• _ASSIGNED TASK_
A picture-free, exact reproduction of the listing that follows is required.

• _MATERIAL PROVIDED_
*** Begin section ***

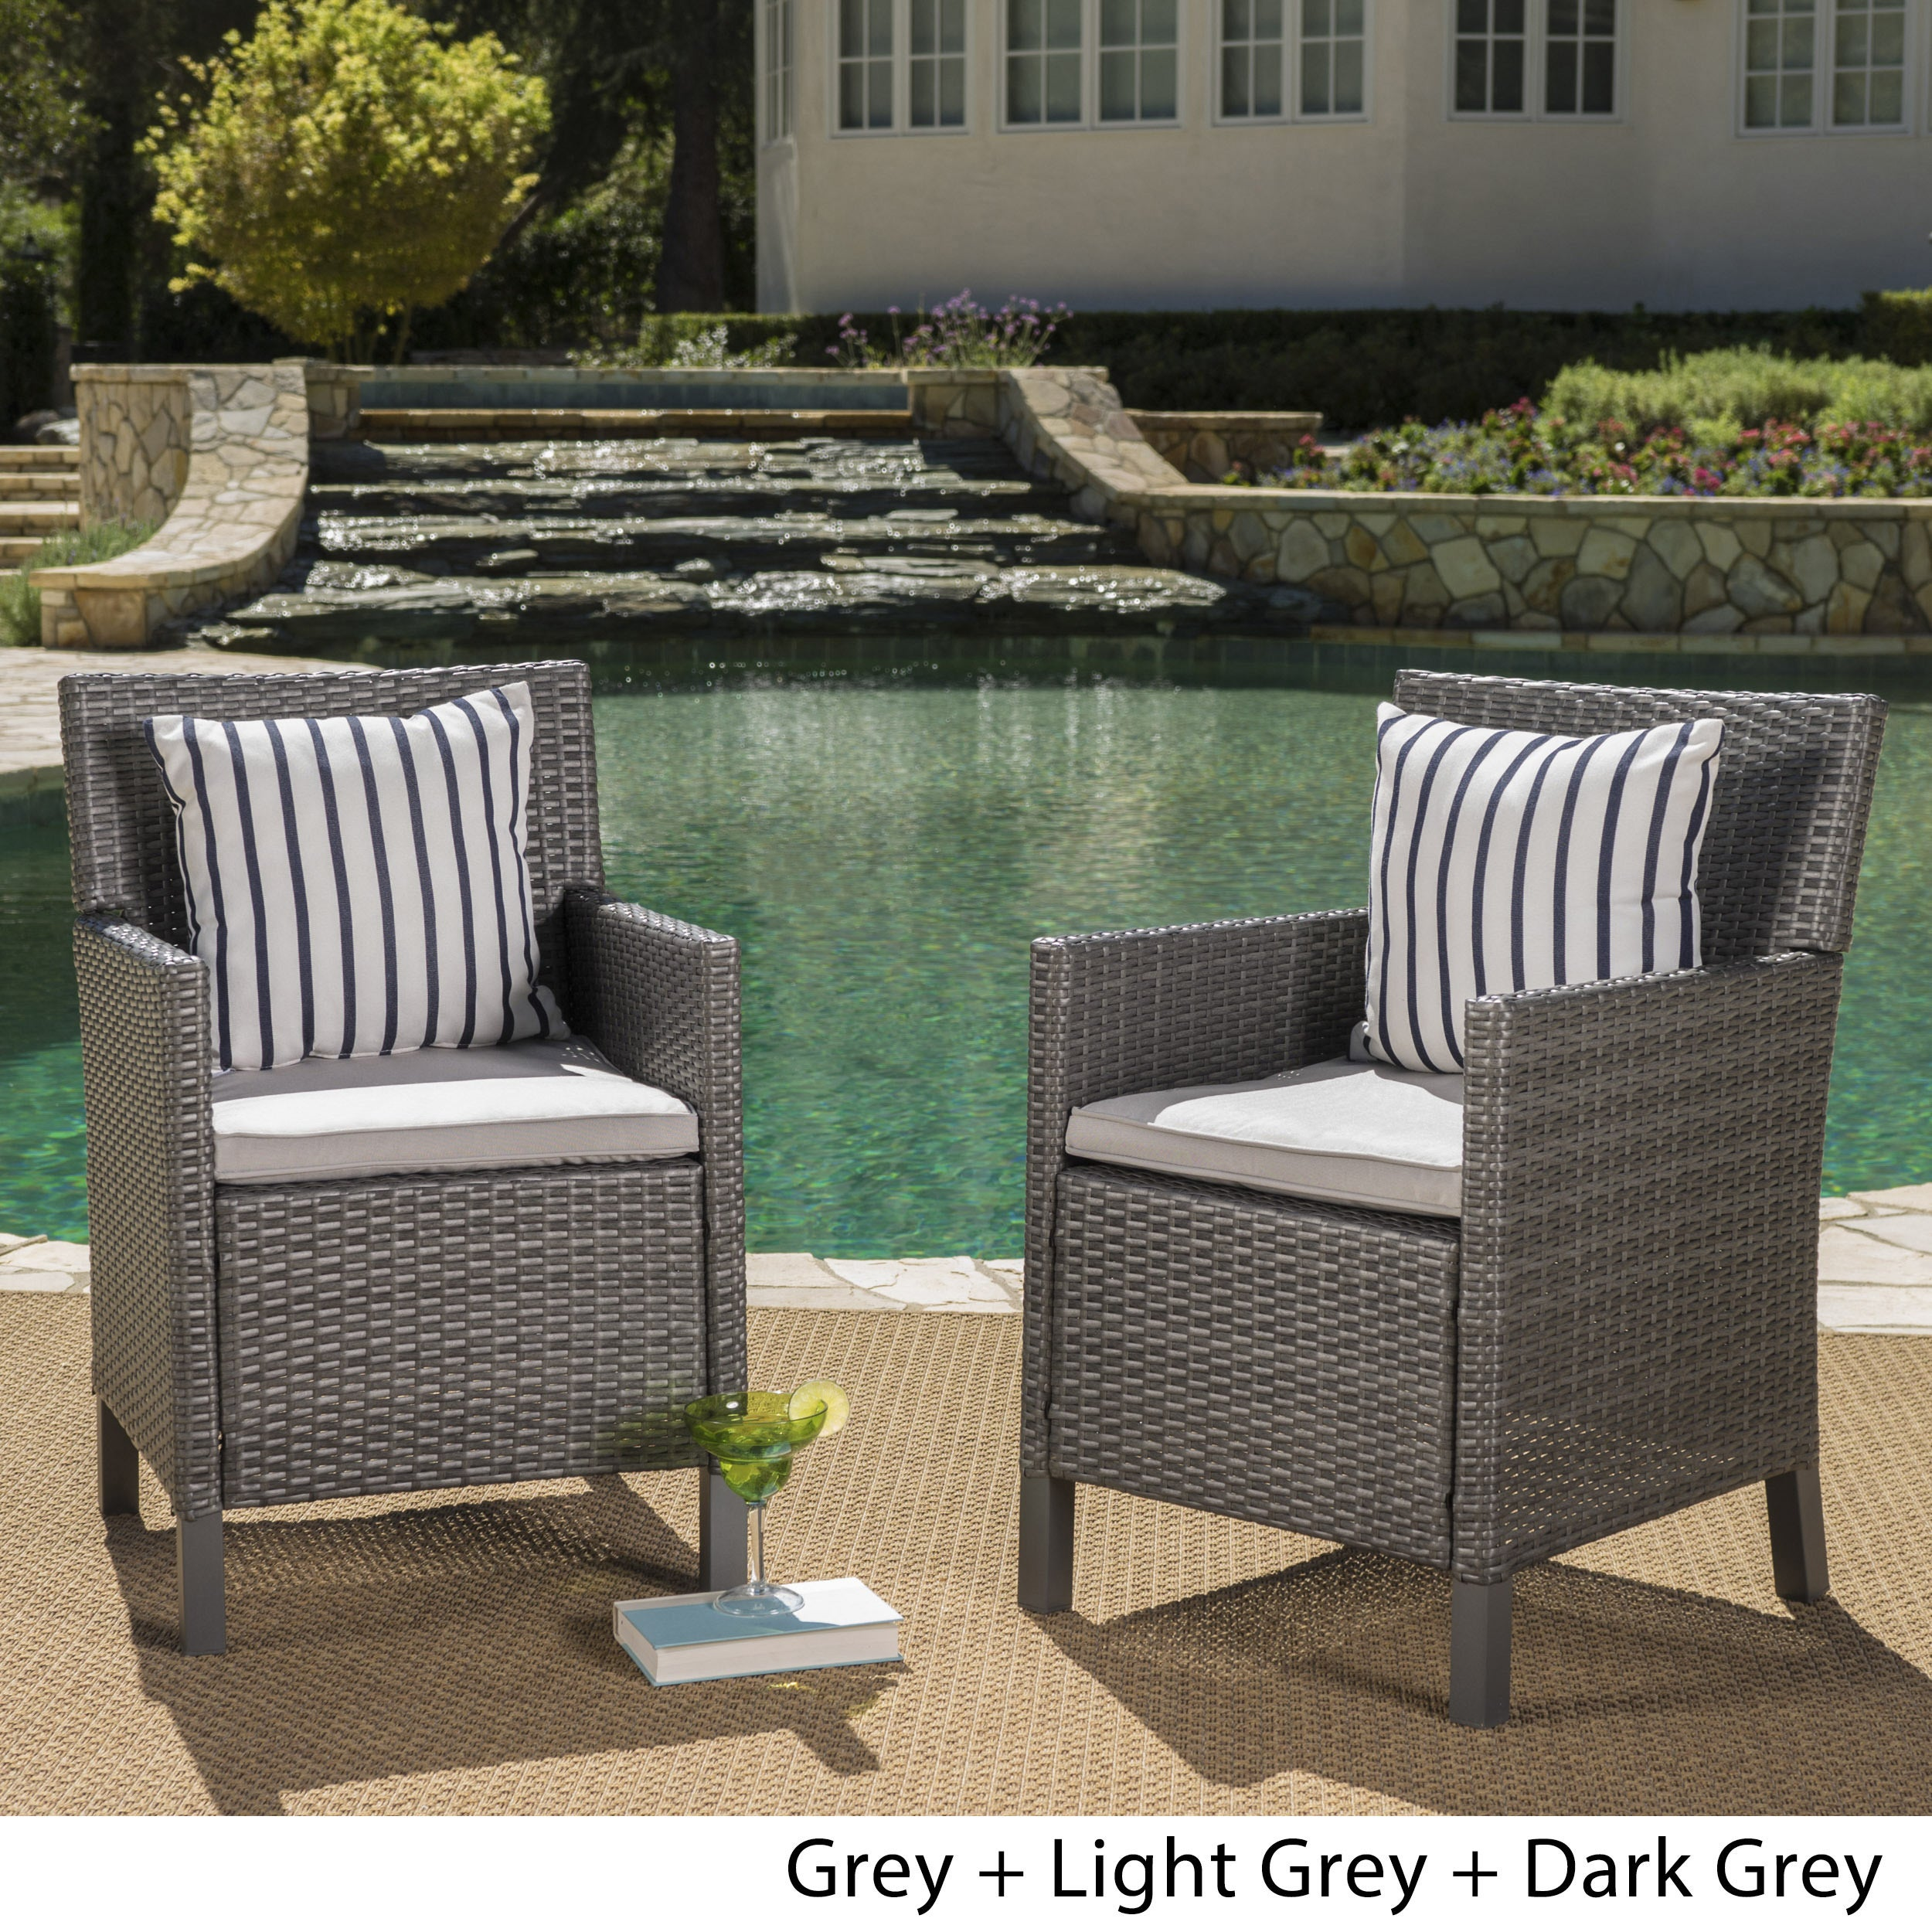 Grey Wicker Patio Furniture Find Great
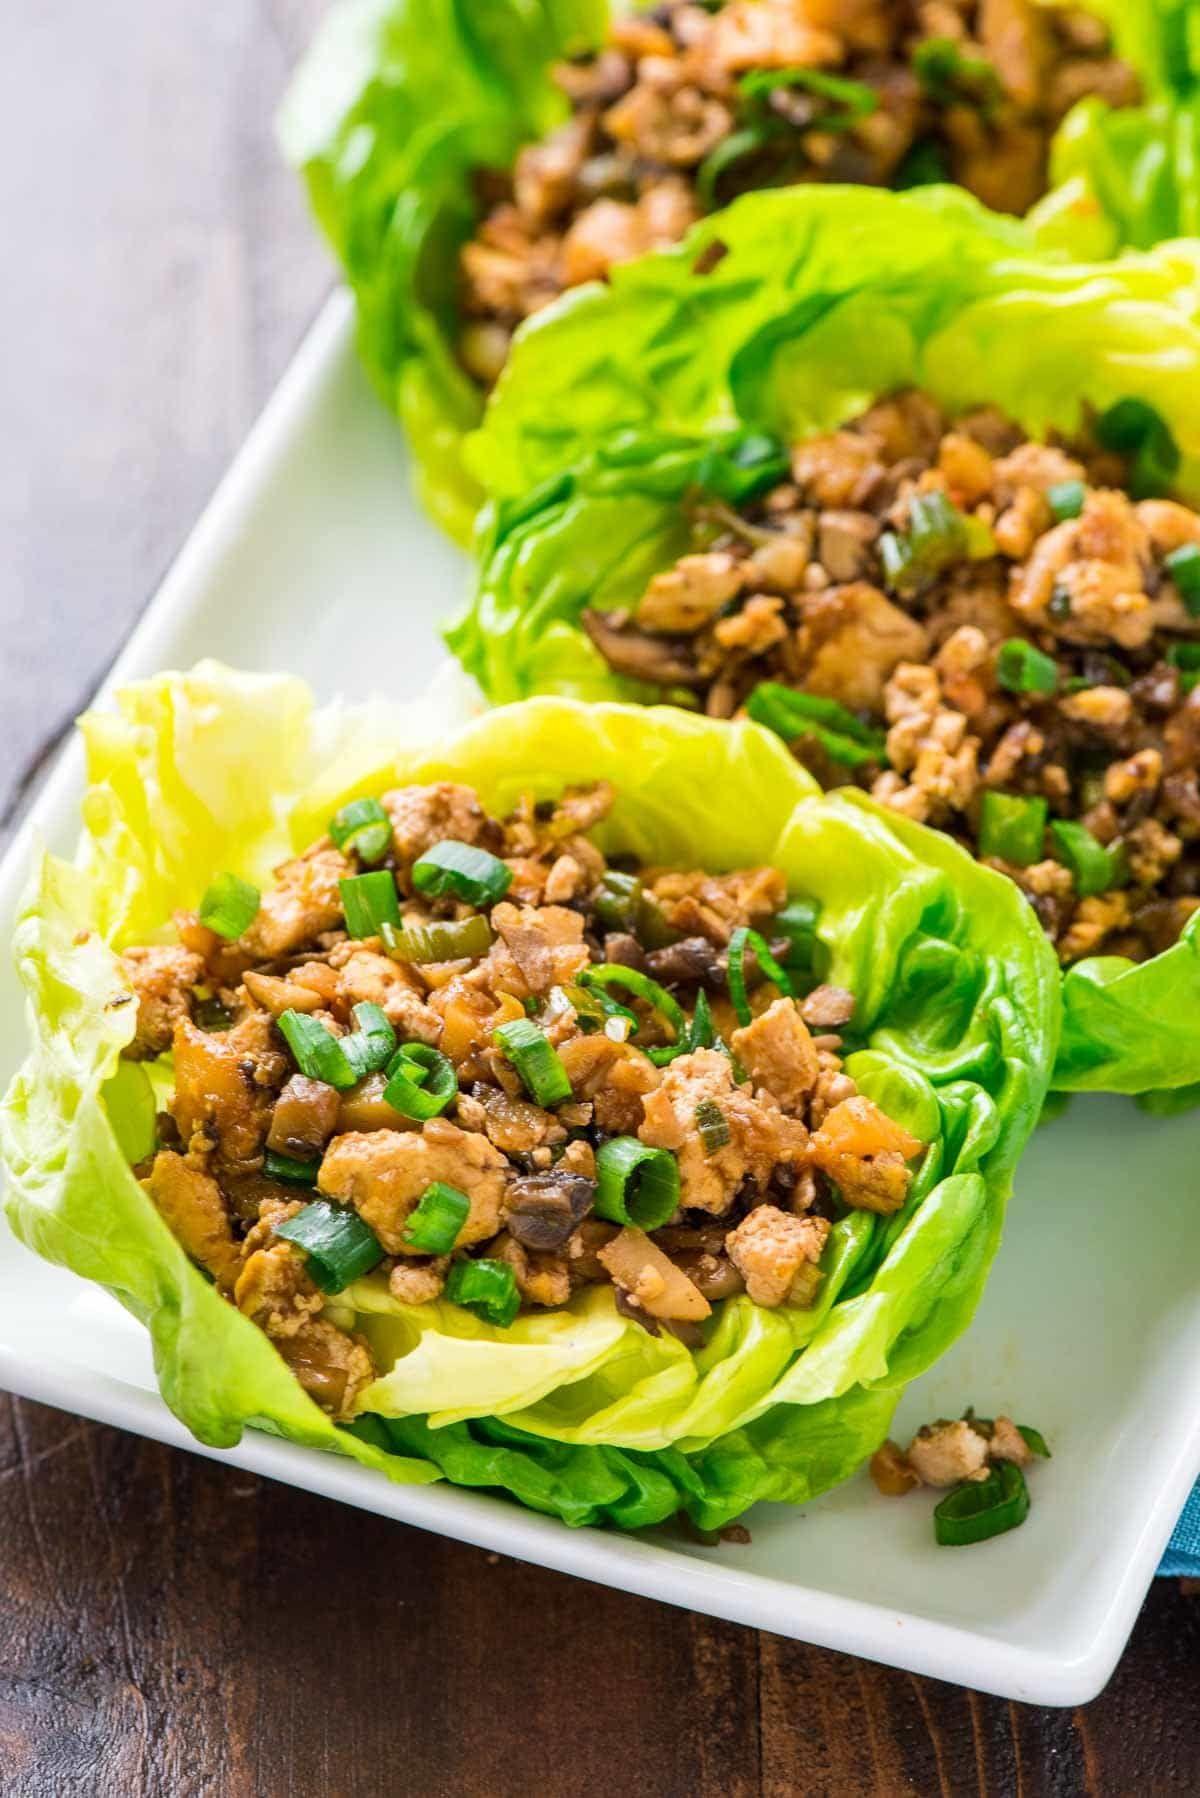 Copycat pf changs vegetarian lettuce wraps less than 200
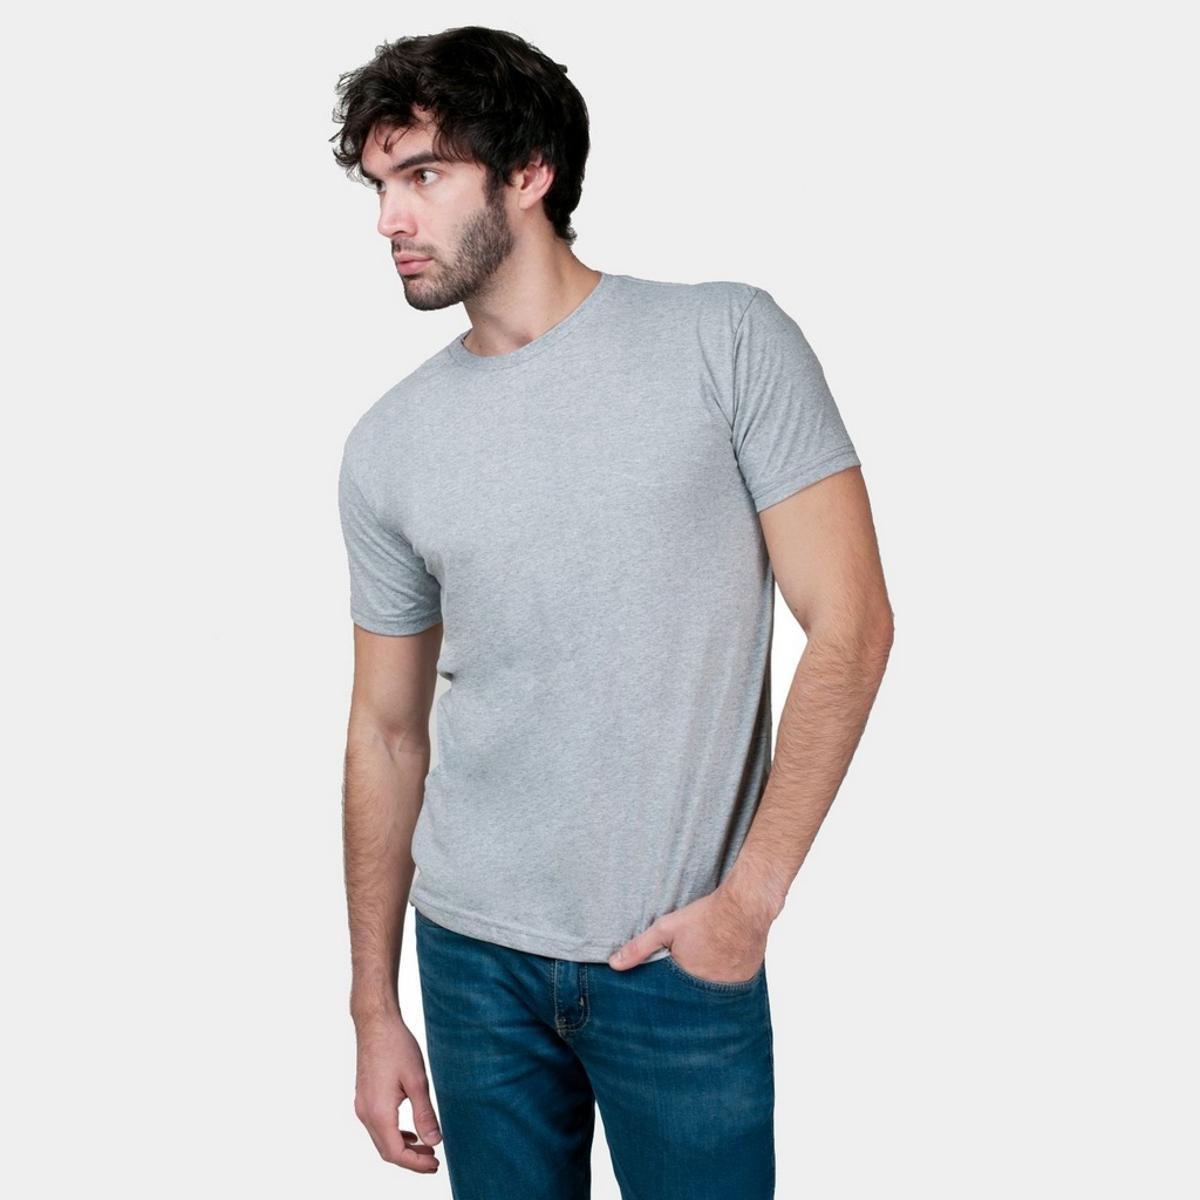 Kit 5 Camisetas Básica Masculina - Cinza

*** End section ***

• _OUTPUT OF THE EXERCISE_
 Grey Wicker Patio Furniture Find Great
 Copycat pf changs vegetarian lettuce wraps less than 200
 Kit 5 Camisetas Básica Masculina - Cinza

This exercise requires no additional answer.